Babylone sous les bombes
(1)
[L’avant-guerre]
J’ai
étudié longtemps, très longtemps, brillamment, très
brillamment, si brillamment qu’au bout du compte,
cela m’a enseigné une vérité absolue : je
n’étais pas fait pour le métier auquel je
m’étais destiné, n’en avais aucune envie.

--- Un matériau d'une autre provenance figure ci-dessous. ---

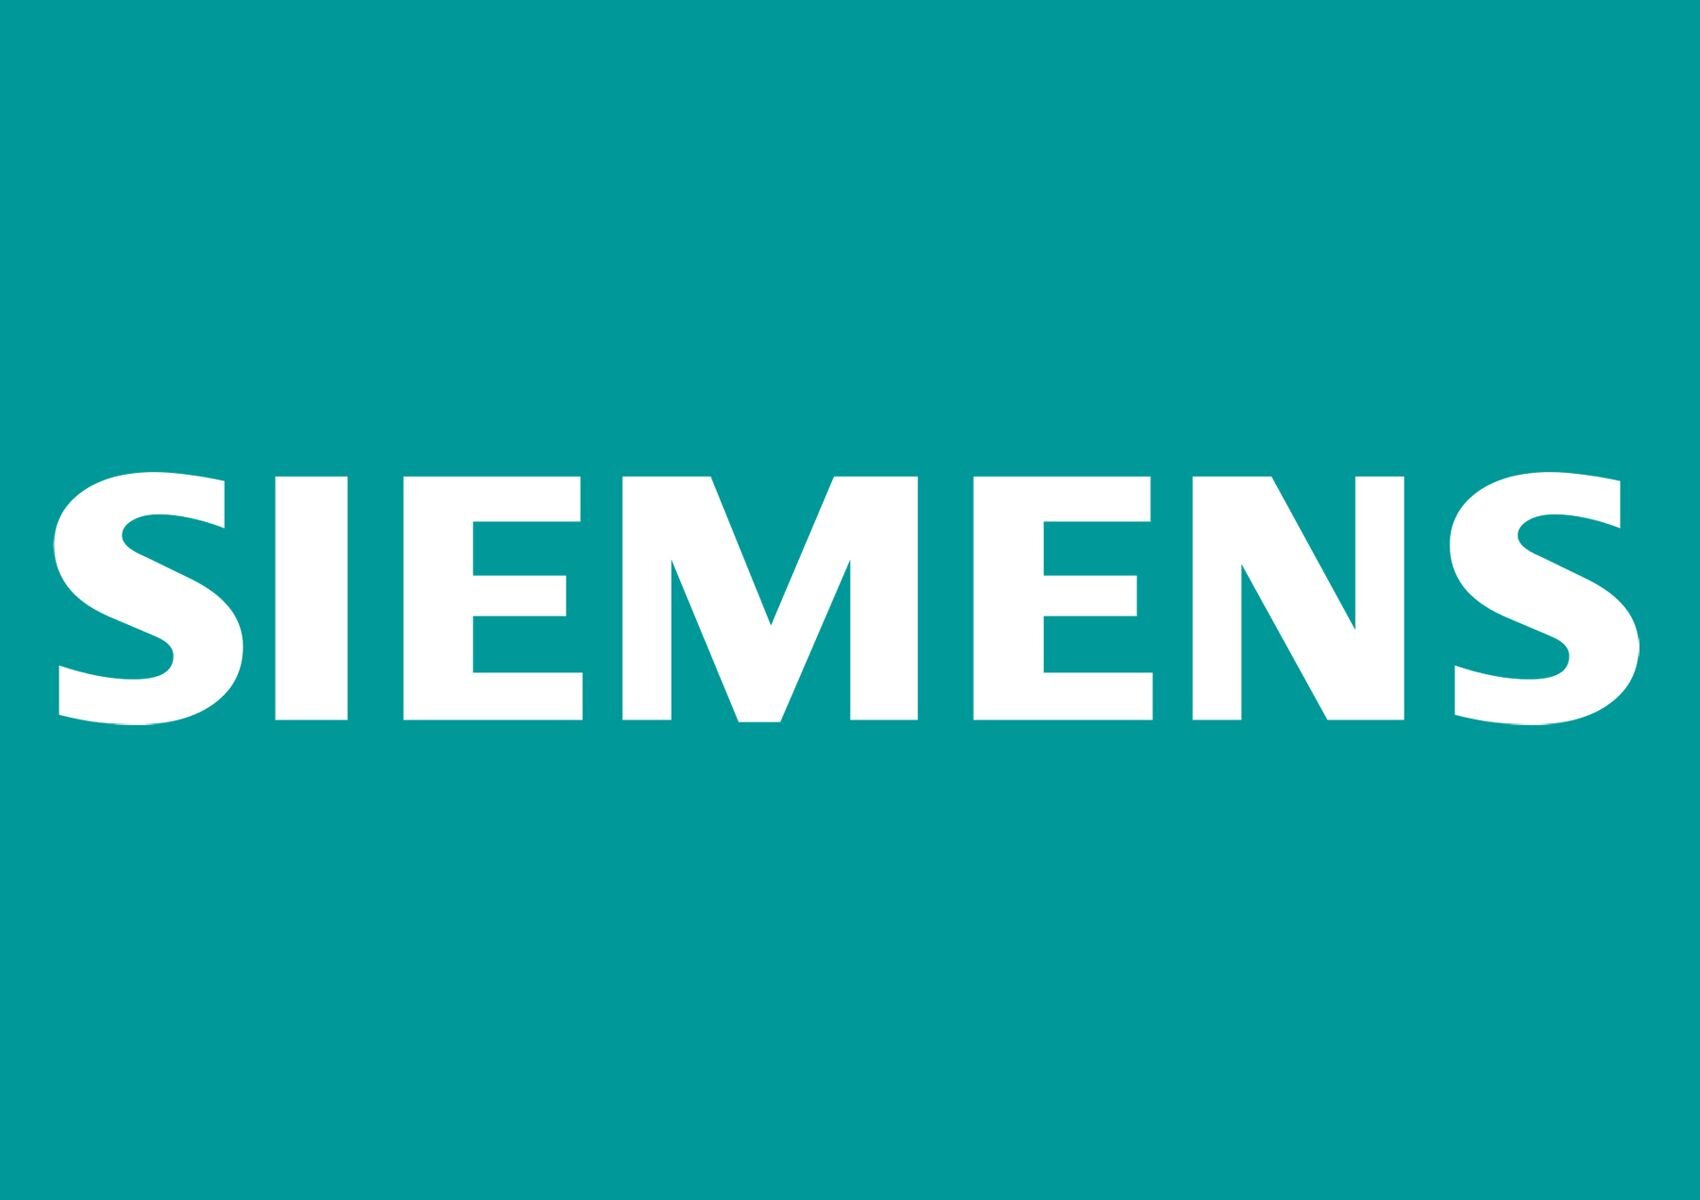 Siemens.jpg

Alors, j’en ai exercé d’autres, ici,
ailleurs, quantité, et comme bien sûr, je n’étais
pas davantage fait pour eux qu’ils étaient faits
pour moi, cela m’a conduit au sommet de la
pyramide des institutions publiques. Cela a fait de moi
un être privilégié, d’ailleurs c’est bien
simple, même si je les partage avec beaucoup,
j’hésite à vous avouer les avantages qui sont
miens.
J’en
éprouve même un peu de honte
J’œuvre
pour un consortium gigantesque, un consortium qui
jamais ne délocalisera, qui jamais pour des questions
de coût, n’ira chercher main-d’œuvre
ailleurs, et qui, par-dessus le marché, me laisse du
temps libre, plein.
Je
suis de l’élite commune.
De
temps à autre, je signale au consortium que je suis
toujours en son sein, au moyen de mon choix, je pointe
présent : courriel, courrier, téléphone…
Tout est bon, le consortium n’est pas très
regardant.
J’ai
la belle vie.
Celle
d’un chômeur.
Évidemment,
ça n’a pas non plus que des avantages, dire que
je suis bien payé serait un mensonge, sans parler que
l’ancienneté n’est pas prise en compte, ce
serait même plutôt l’inverse, et puis, comme tous
ceux du consortium, je suis chassé par la concurrence
« rue ». Faut que je fasse gaffe, la rue sans
cesse recrute, sans cesse embauche, peut un de ces
quatre me refourguer un chien, un litron de rouge et un
bout de son trottoir, le tout joliment emballé dans un
contrat à durée indéterminé.
J’ai
la belle vie dangereuse
Et
du temps libre, donc.
Pour
pallier la générosité déclinante du consortium, pour
contrer les propositions de la rue et pour quelques
billets, je débarde trois jours par semaine chez un
grossiste du coin. Jusqu’aux premières lueurs de
l’aube, je vide les camions de leurs denrées
fruitières en cageots, cagettes et autres caisses. Je
joue du chariot comme personne : j’ai le
diable au corps moi.
Le
diable au corps.
Elle
est bien bonne !
Et
pendant mon temps libre, je joue des mots.